• _Task to carry out_
Every line of the listing should be retyped exactly, but none of the pictures should be.

• _Information supplied_
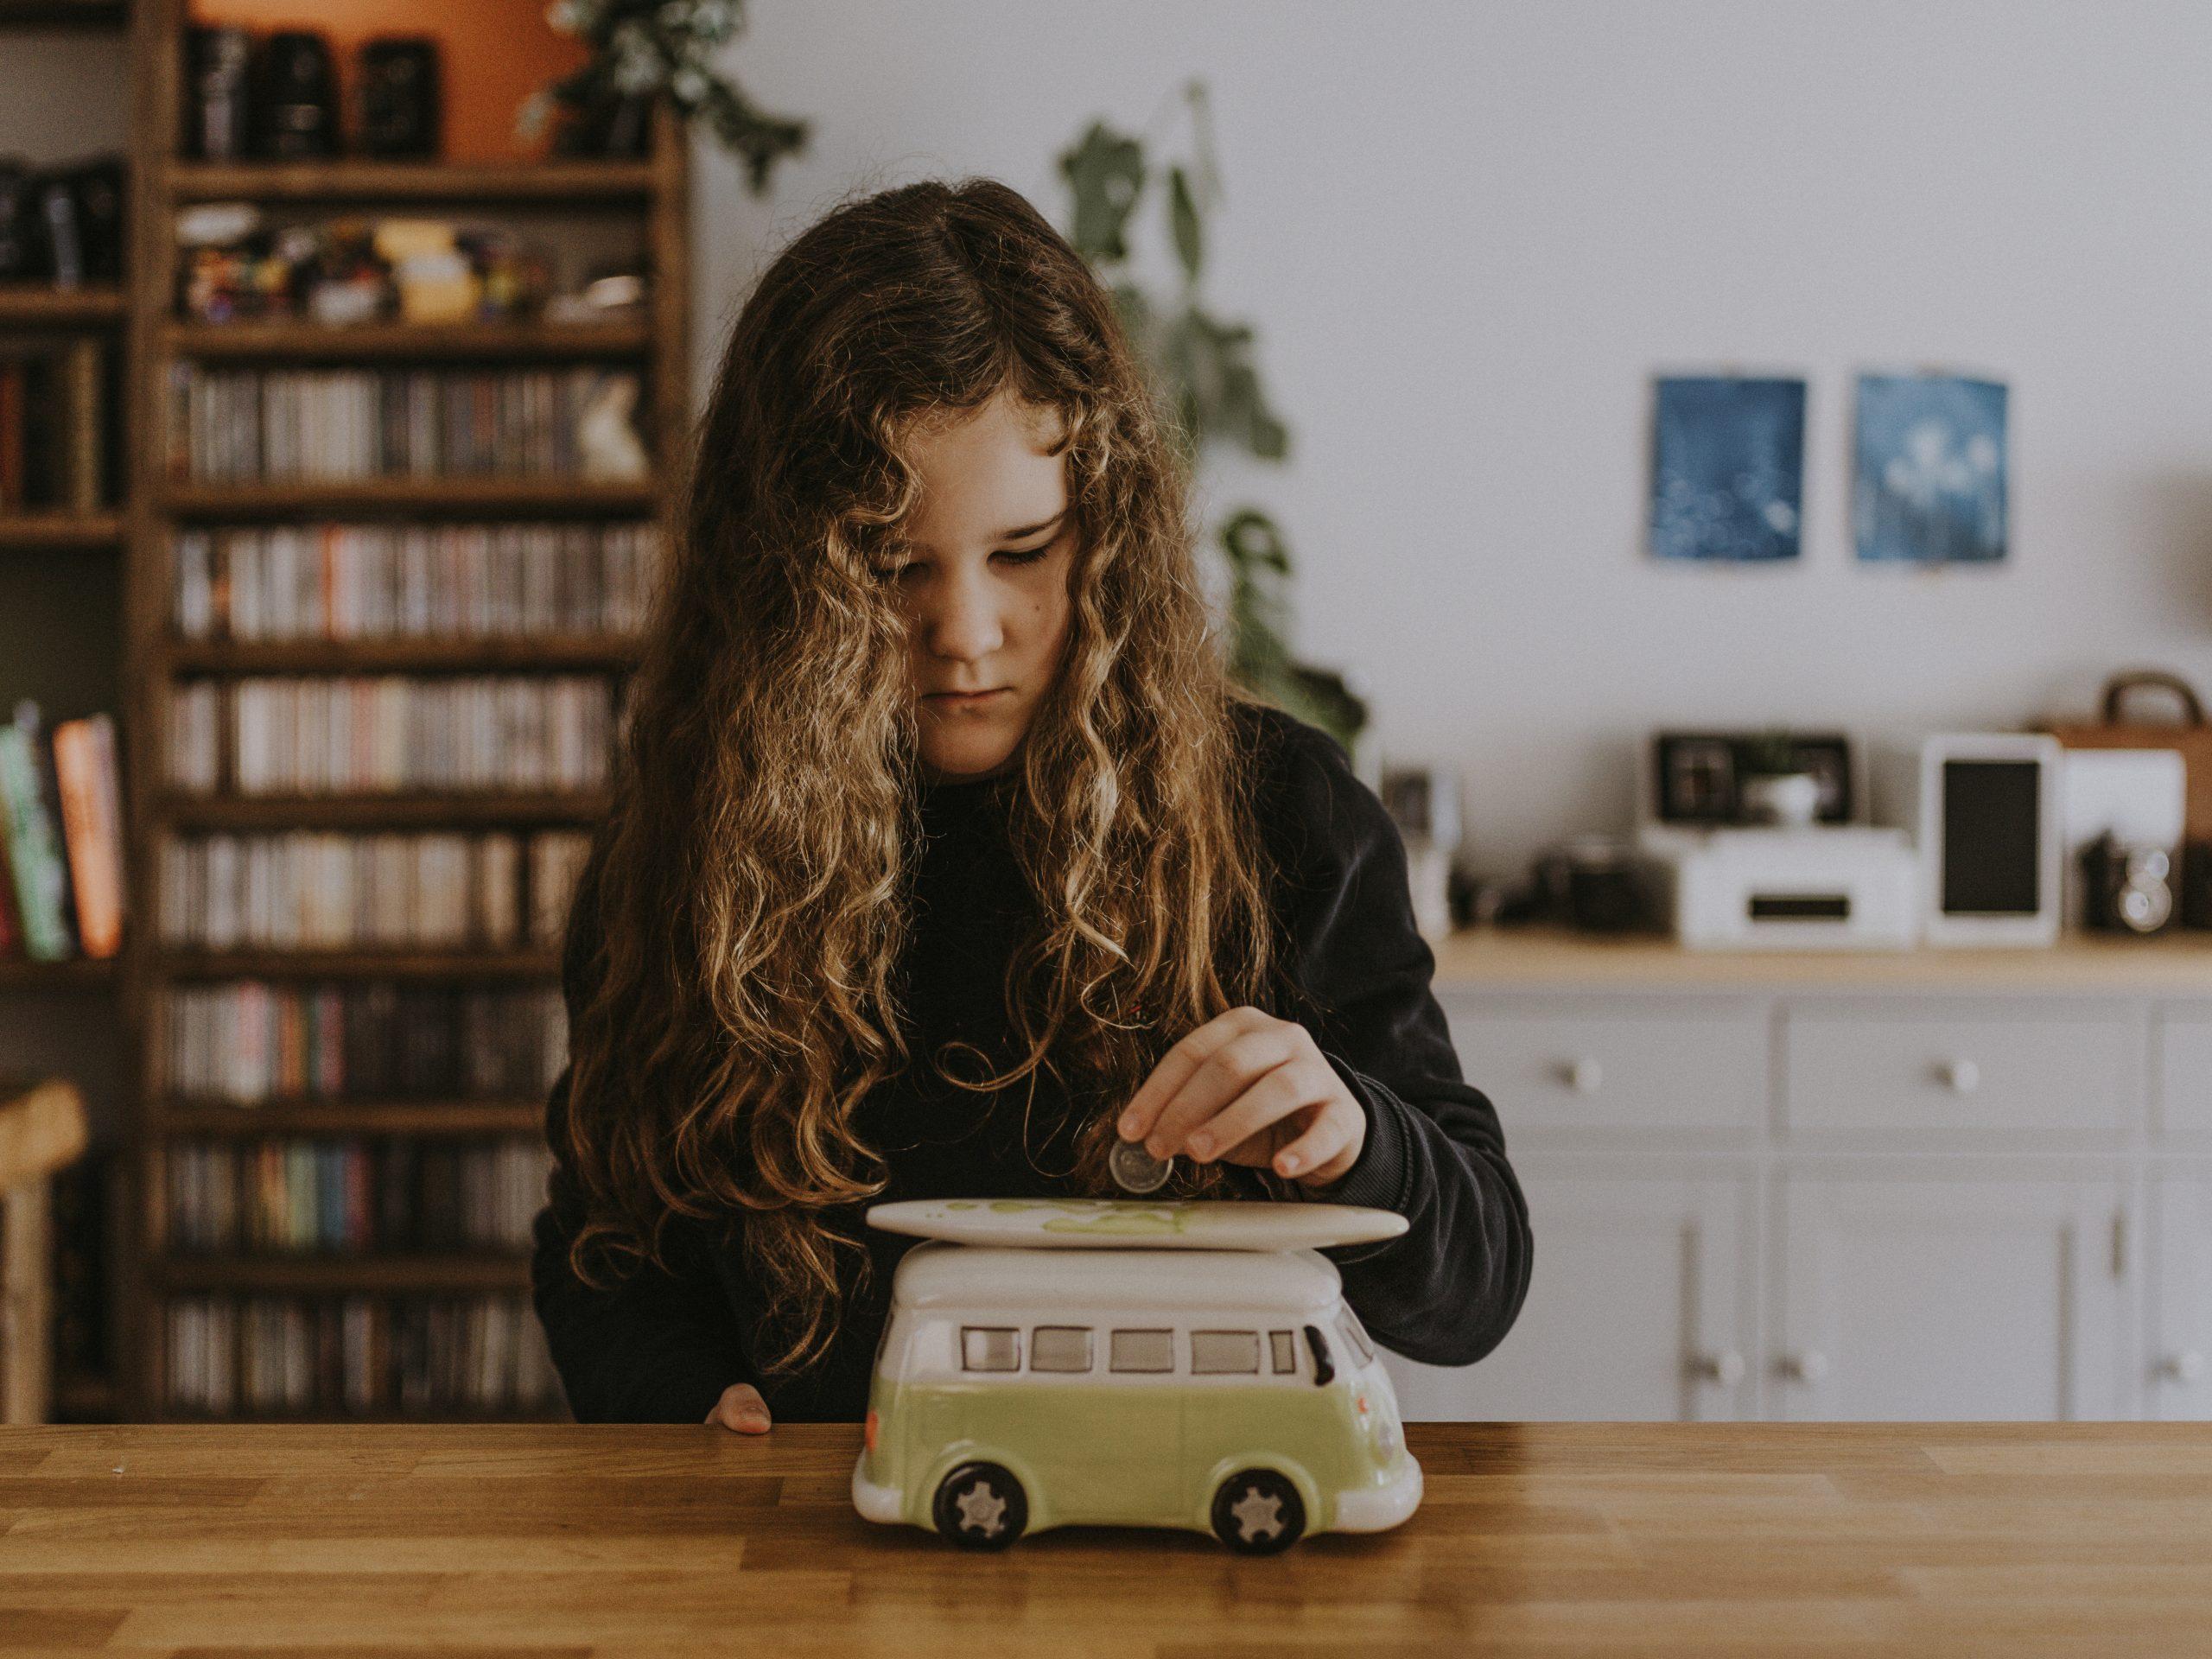 girl wearing black sweatshirt playing toy car
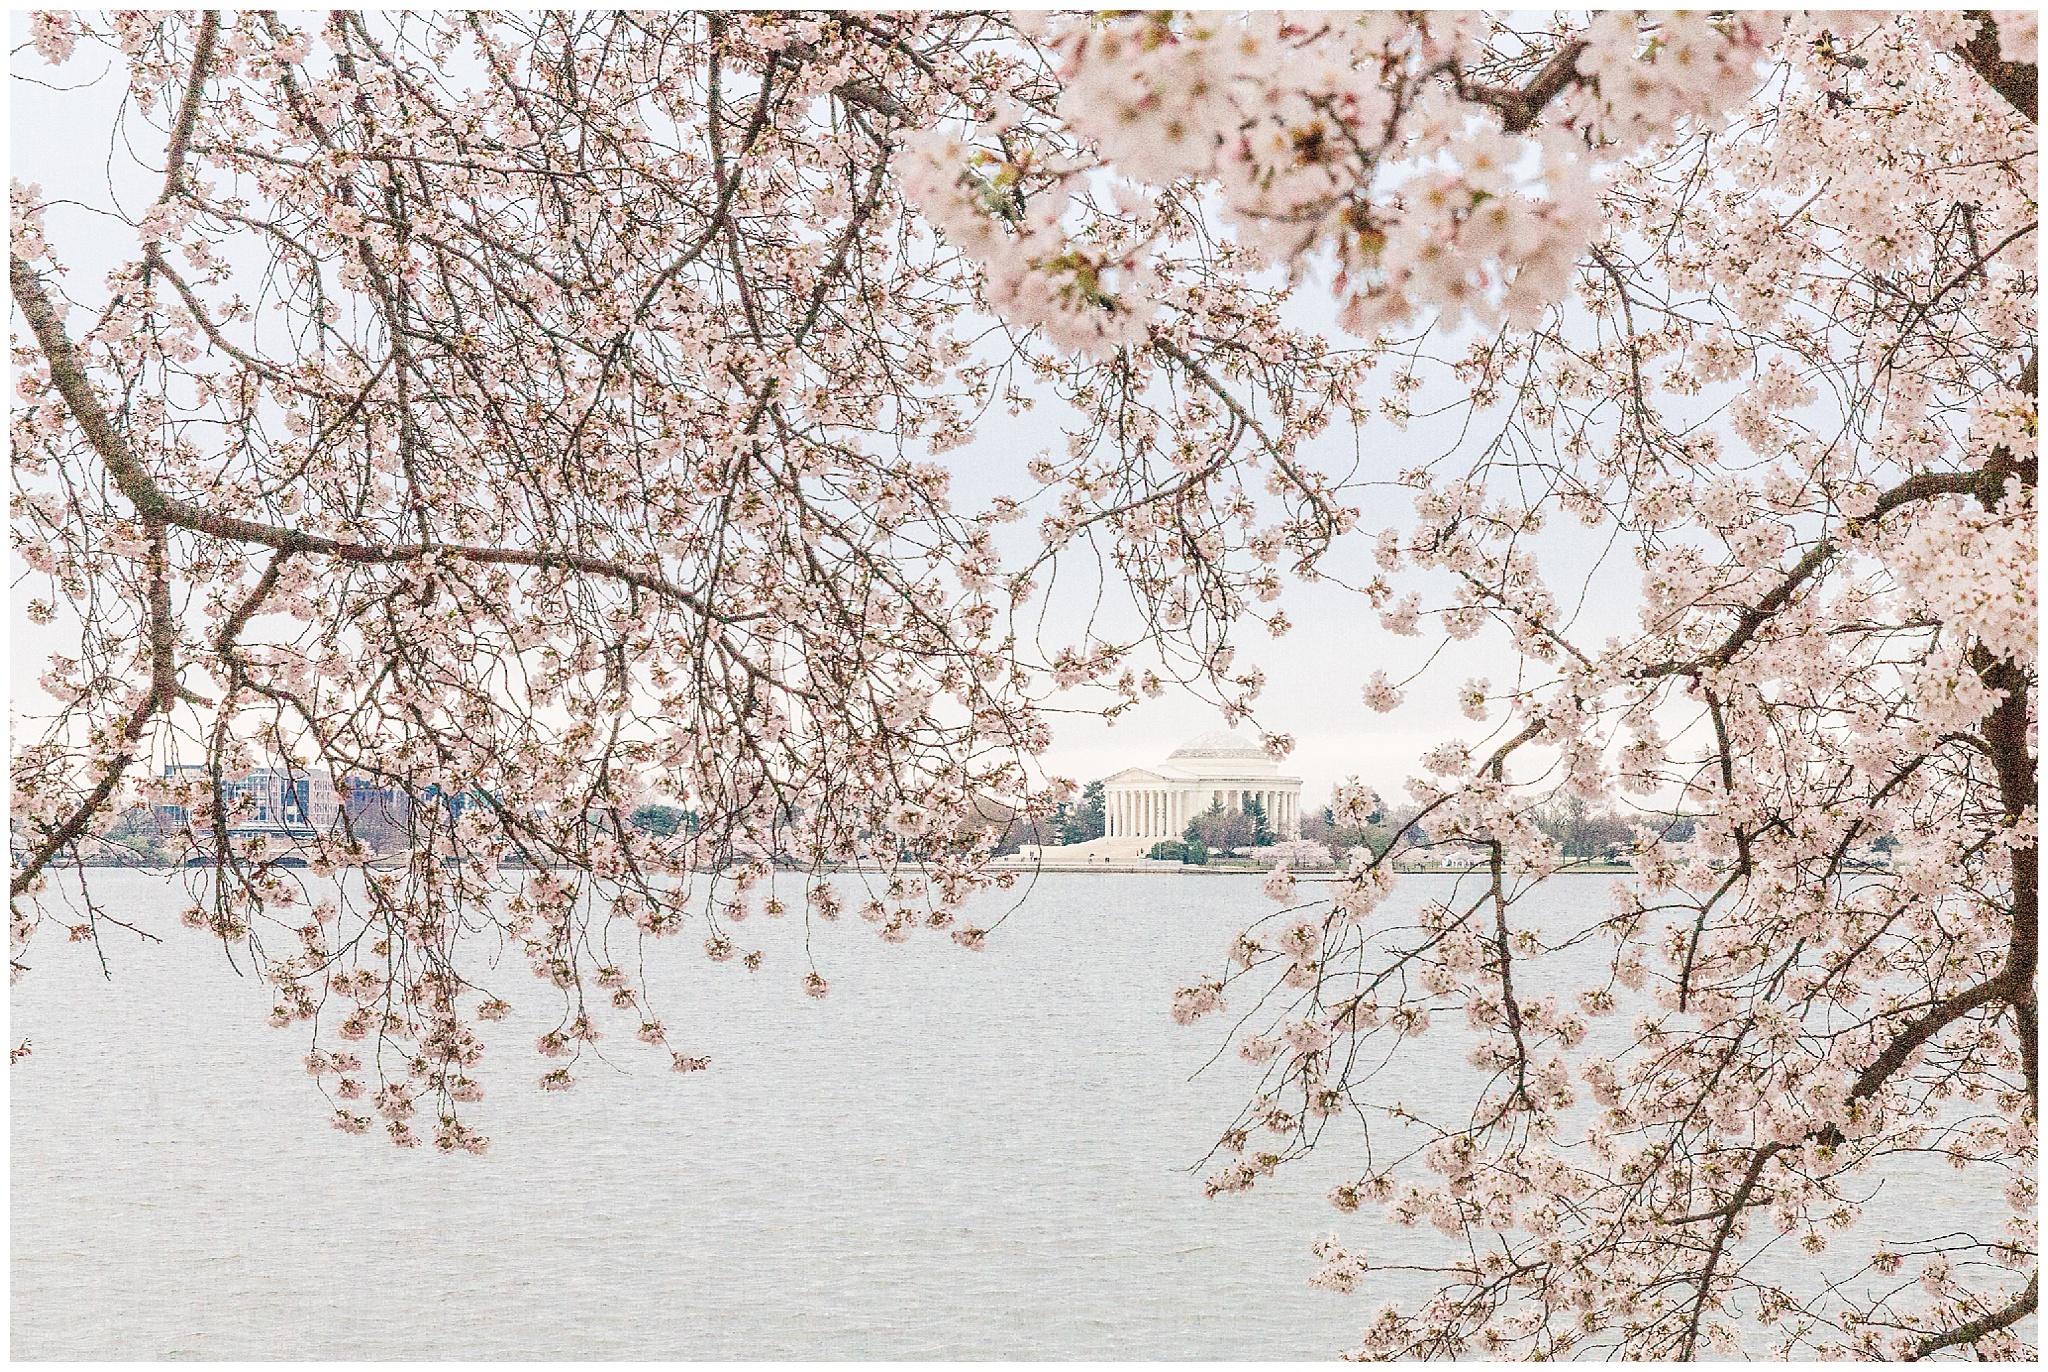 cherryblossoms_0016.jpg
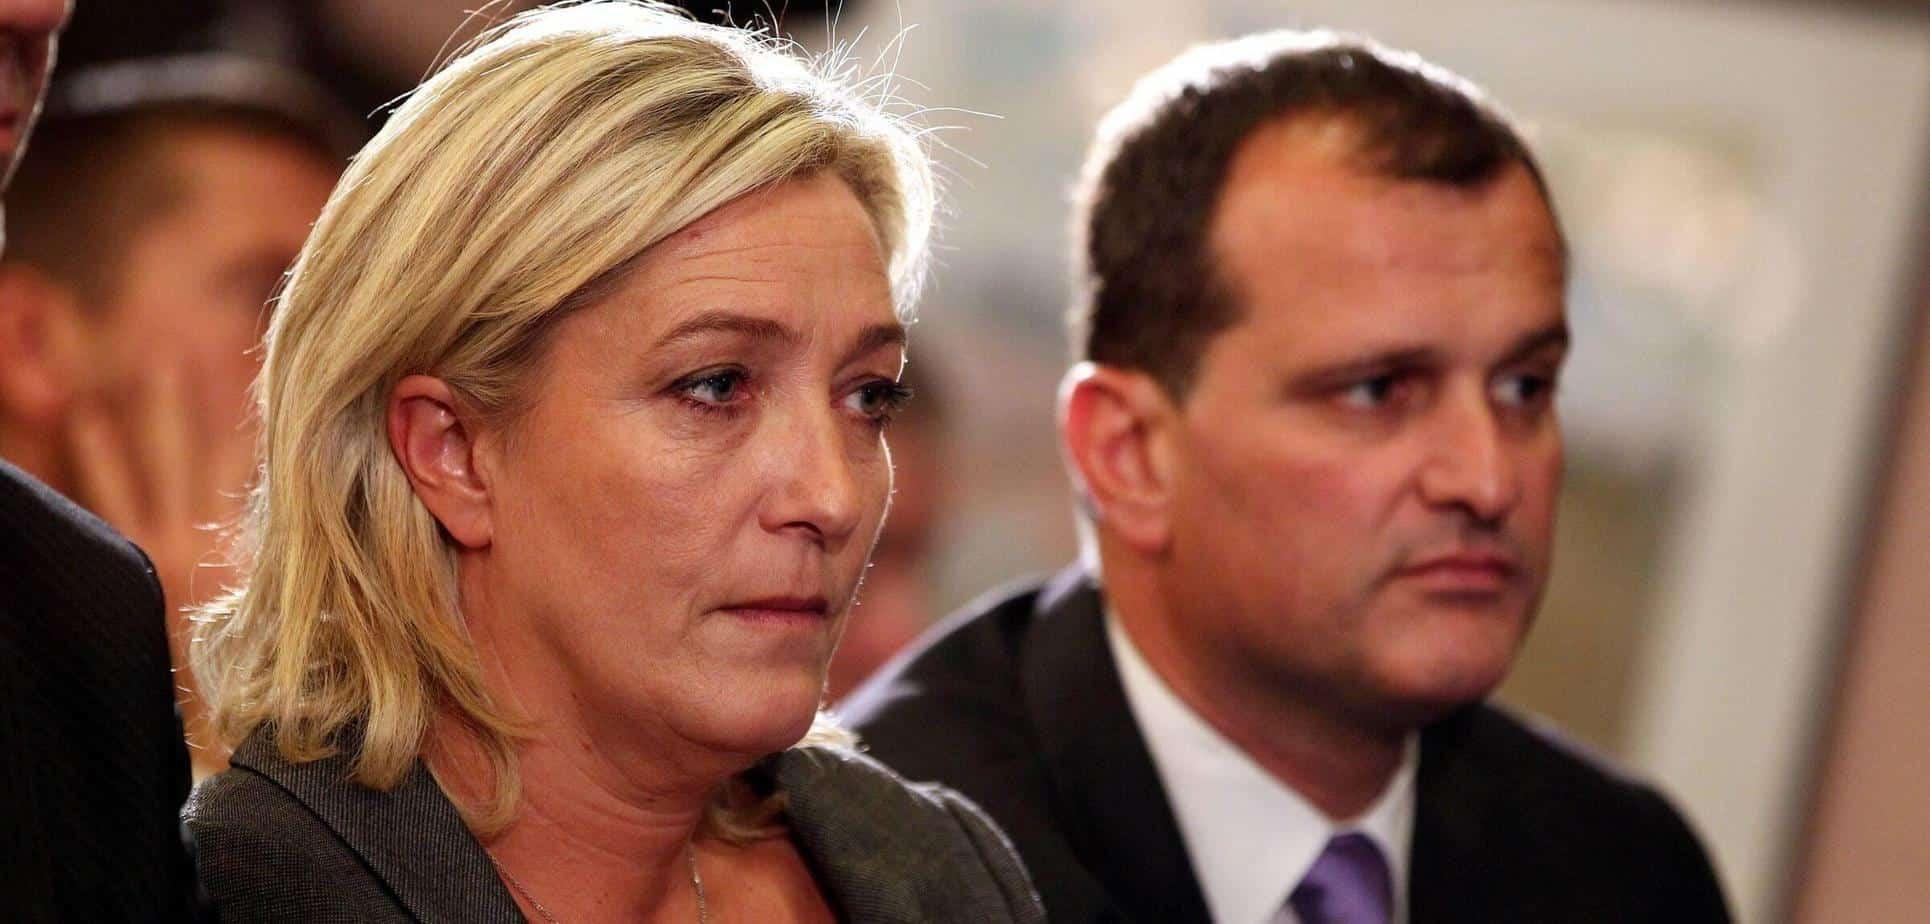 Ex Mari de Marine Le Pen

• _Answer area_
 girl wearing black sweatshirt playing toy car
 cherryblossoms_0016.jpg
 Ex Mari de Marine Le Pen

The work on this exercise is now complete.